During the police interrogation, which Mr. Zorin said lasted until the early hours of the next day, officers accused him of being a Russian spy and did not believe he was merely an urban explorer. They threatened and beat him, he said, putting pressure on the “pain point”.

Fearing something worse would happen to him, he made up a story: that the Russian intelligence agency had asked him to spy in Albania and said that his family in Russia would face face the consequences if he doesn’t follow through.

“I understand that this is silly,” Mr. Zorin said.

But in that moment, isolated and unable to contact family or friends, he believed that declaring himself a spy was the best option, he said.

Gentian Mullaj, a spokesman for the Albanian police, said the allegations were “completely untrue”, adding that police had acted “in full compliance” with standard work procedures and “fundamental rights of citizens”.

The prosecutor, Kreshnik Ajazi, said when asked by The New York Times for comment that this was the first time he had heard Mr Zorin’s statements and suggestions that anyone targeted for being Russian was ” comical”.

Mr. Ajazi said the three defendants were legally given the right to contact family members when they were arrested, which Ms. Timofeyeva objected, and had lawyers and interpreters present during the questioning. question.

He said Mr. Zorin’s statement was kept secret and that he was present during the interrogation of the three detainees on August 21, a day after their arrest. “I can assure you that there has not been any form of torture or violence,” Mr. Ajazi said. He was not present when police questioned Mr. Zorin for the first time after his arrest.

Mr Ajazi said that the guards at the factory were wearing uniforms and Mr Zorin would be “quite clear” that they were government officials. He said, without providing details, that Mr. Zorin’s statement was not the only evidence prosecutors had, and that the group had visited other military sites in Albania.

Ms. Timofeyeva said the group had visited other sites in Albania, including a former military site, but they had never encountered an incident.

Mr. Ajazi said the group’s confiscated electronic devices were still being examined. He expects the case to be “closed sooner” than August 2024, the deadline for him to file an indictment.

While spending time in Tirana, Ms. Timofeyeva is also weighing the request that Moscow made for her extradition in connection with the case of illegal entry at an underground Russian military site in 2018. Both she and Mr. Zorin have spoken out about this. they oppose President Vladimir V. Putin and his invasion of Ukraine, and she believes the extradition request may be an attempt to punish her for her outspokenness.

So far, that prospect seems unlikely. An Albanian court denied Russia’s extradition request on human rights grounds.

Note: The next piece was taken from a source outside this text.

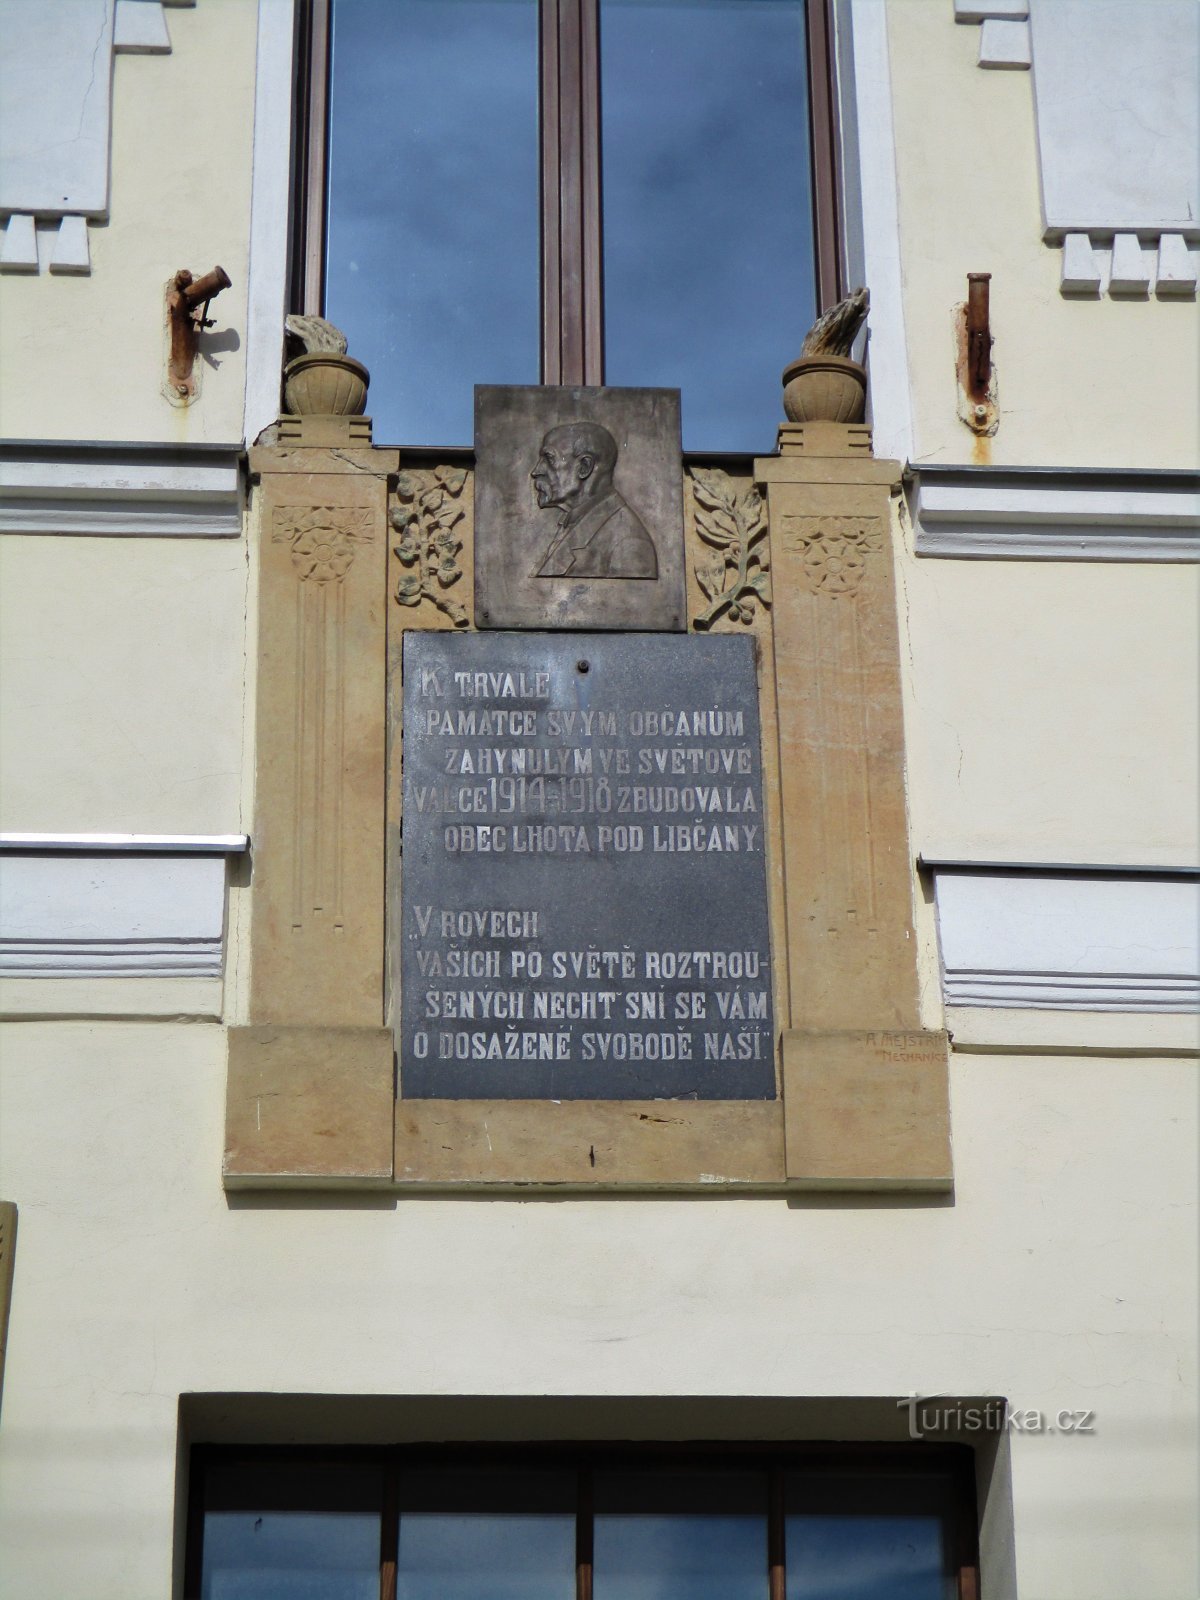 Tấm biển tưởng niệm tại trường (Lhota pod Libčany)

Mr Zorin, who is half Ukrainian, said the invasion of Ukraine was like “attacking our own brothers”. Russia has not yet requested his extradition from Albania and Mr Zorin said that even if he was freed by Albania, he would not return home for fear of having to join the army to fight in Ukraine.

Miss Timofeyeva, who left Moscow for Georgia a month after the war started in February 2022, shared the posts with her nearly 250,000 followers on Facebook. Instagramwhere she passed Lana Sator, calling Mr Putin “crazy grandpa” and calling for an end to the conflict.

She said she was separated from her husband – who was working as a photographer for the Wagner group, the private army that fought on behalf of Russia in Ukraine until it disbanded this month – because of his support fight.

While living in Moscow, Ms. Timofeyeva said she worked with Russia’s Ministry of Culture to promote local tourism, not with the country’s intelligence agencies.

She has now applied for political asylum in Albania and says she has no plans to return in the near future. “Prison in Russia is worse than in Albania,” she said.

She said she overcame the months of incarceration, reading, learning Albanian and drawing pictures of the mountains near the prison and other subjects. She said she hopes to explore Albania and see more of its attractions.

But, she asked, “Is it a spy if we take a cruise ship to a tourist island?”

Fatjona Mejdini contributed reporting from Tirana.